Background information
- Origin: Rio de Janeiro, RJ, Brazil
- Genres: Alternative rock, indie rock, MPB, skacore (early), melodic hardcore (early)
- Years active: 1997–2007 (on hiatus) (reunions: 2009, 2010, 2012, 2015, 2019)
- Label: Sony BMG
- Members: Marcelo Camelo Rodrigo Amarante Rodrigo Barba Bruno Medina
- Past members: Patrick Laplan
- Website: www.loshermanos.com.br

= Los Hermanos =

Brazilian rock band

Los Hermanos is a rock band from Rio de Janeiro, Brazil. The group was formed in 1997 by Marcelo Camelo (vocals/guitar/bass guitar), Rodrigo Amarante (guitar/bass guitar/vocals), Rodrigo Barba (drums), and Bruno Medina (keyboards/keyboard bass). Currently they are on an extended hiatus, performing some concerts sporadically.

Although the band is Brazilian, the name is in Spanish, meaning "the brothers", which would be "Os Irmãos" in Portuguese.

==History==

===Formation and first years (1997–99)===
Then students from Pontifical Catholic University of Rio de Janeiro, Marcelo Camelo (journalism), and Rodrigo Barba (psychology) formed a band that mixed hardcore influences with the lightness of lyrics about love.
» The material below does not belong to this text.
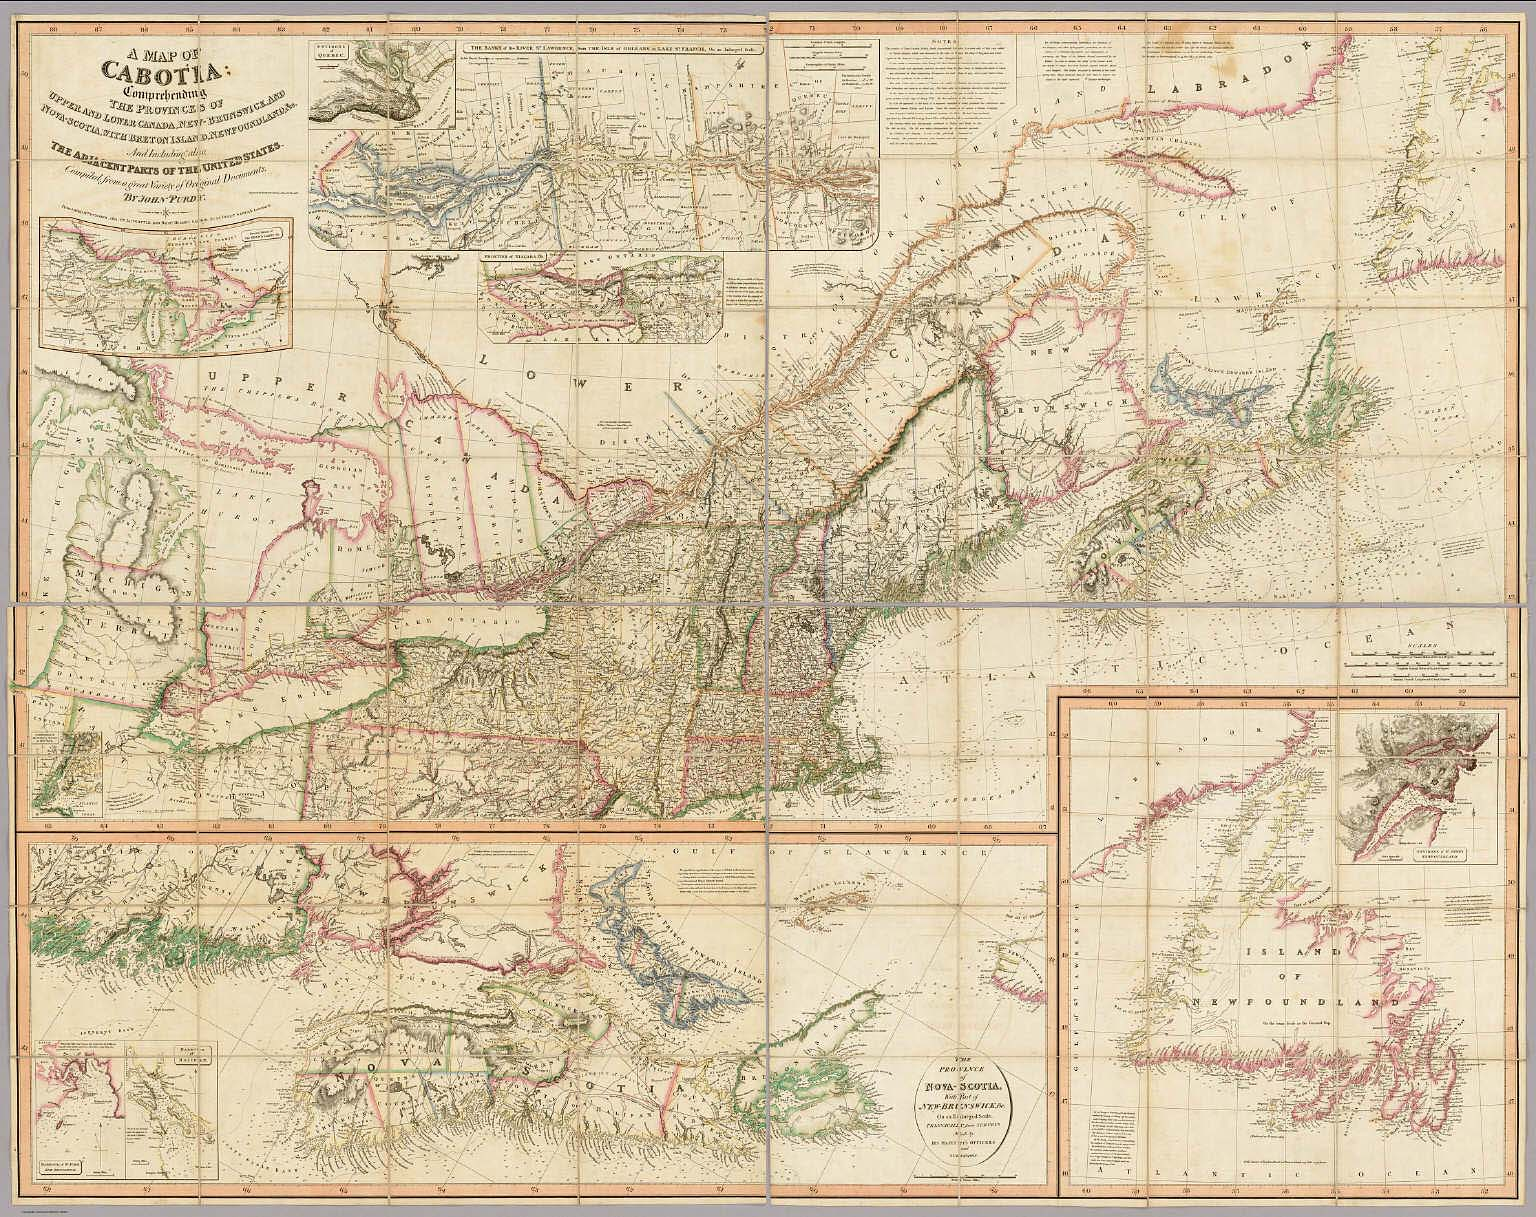 A Map Of Cabotia.

In addition, the band had a saxophonist, and, later, the keyboardist Bruno Medina, an advertising student at the same college, was incorporated to the group. When the musicians Rodrigo Amarante (vocals, guitar and percussion) and Patrick Laplan (bass) joined the band, and with the output of three musicians of their formation (trumpeter Marcio and saxophonists Carlos and Victor), they recorded in 1997 their first material, the demos "Chora" and "Amor e Folia."

The demos affected the underground scene of Rio de Janeiro and later the Los Hermanos were called to play at the "Superdemos", a great independent music festival from Rio, and festival Abril Pro Rock, in Recife, Pernambuco.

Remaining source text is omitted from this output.